295 equal divisions of the octave (abbreviated 295edo or 295ed2), also called 295-tone equal temperament (295tet) or 295 equal temperament (295et) when viewed under a regular temperament perspective, is the tuning system that divides the octave into 295 equal parts of about 4.07 ¢ each. Each step represents a frequency ratio of 21/295, or the 295th root of 2.

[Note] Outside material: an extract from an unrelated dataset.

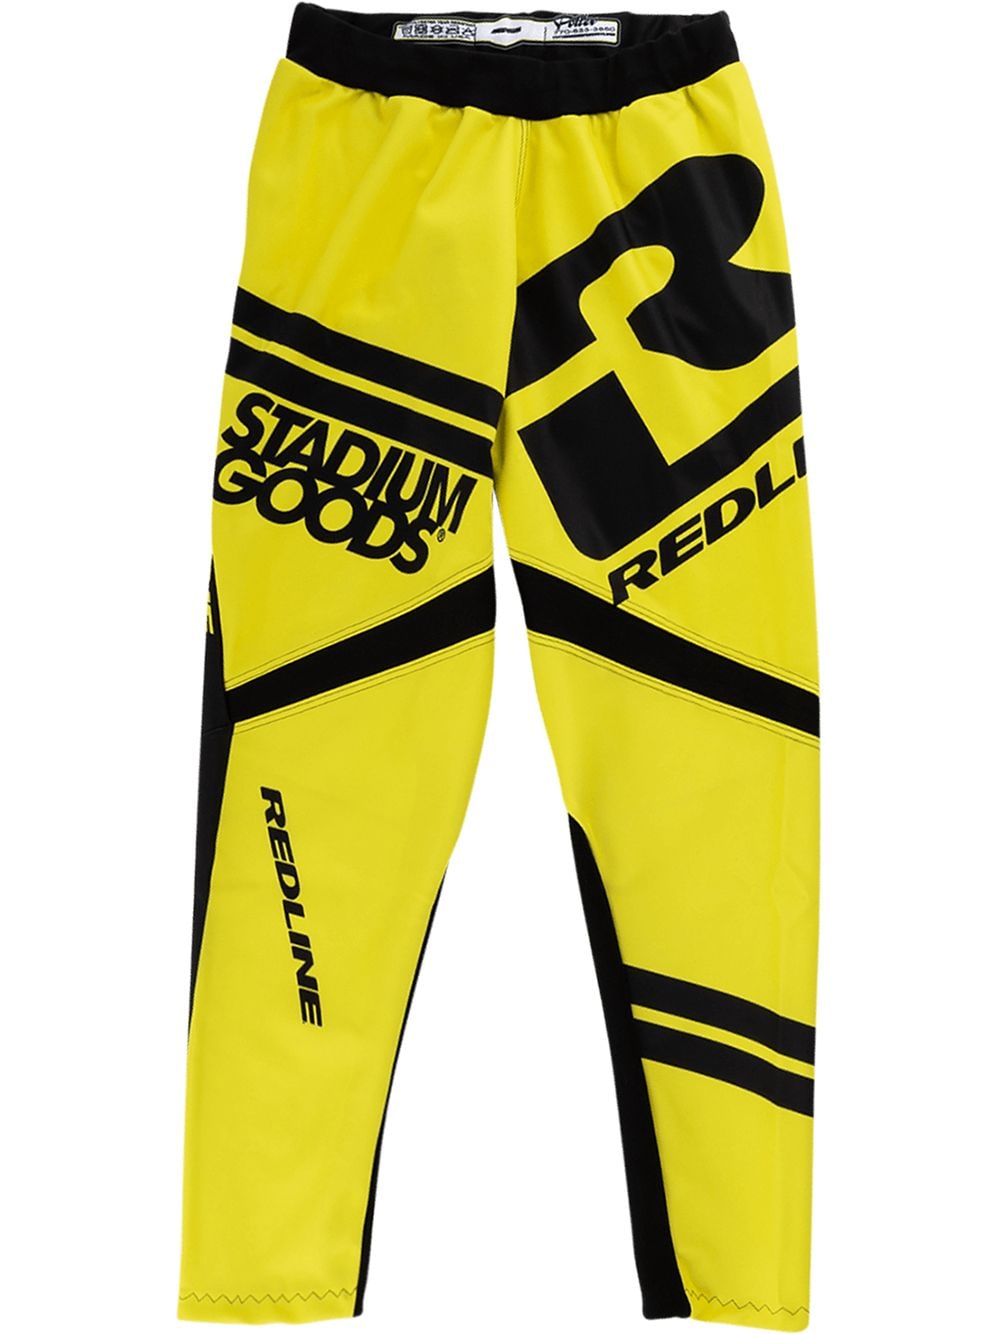 Redline x A$AP Ferg X Stadium Goods Race track pants - Yellow von Redline

295edo is only consistent to the 5-odd-limit and harmonic 3 is about halfway between its steps. Otherwise it does well in approximating harmonics 5 and 7, making it suitable for a 2.9.5.7 subgroup interpretation. Using the full 7-limit interpretation nonetheless, the 295d val is a tuning for the octagar temperament, and 295ccdd is a tuning for sensi.

### Odd harmonics

Approximation of odd harmonics in 295edo
Harmonic 3 5 7 9 11 13 15 17 19 21 23
Error Absolute (¢) +1.77 +0.13 -0.69 -0.52 +1.90 +1.51 +1.90 +0.81 -0.56 +1.08 -1.83
Relative (%) +43.6 +3.1 -17.0 -12.8 +46.8 +37.0 +46.7 +19.8 -13.9 +26.6 -45.1
Steps
(reduced)
468
(173)
685
(95)
828
(238)
935
(50)
1021
(136)
1092
(207)
1153
(268)
1206
(26)
1253
(73)
1296
(116)
1334
(154)

### Subsets and supersets

Since 295 factors into 5 × 59, 295edo contains 5edo and 59edo as its subsets.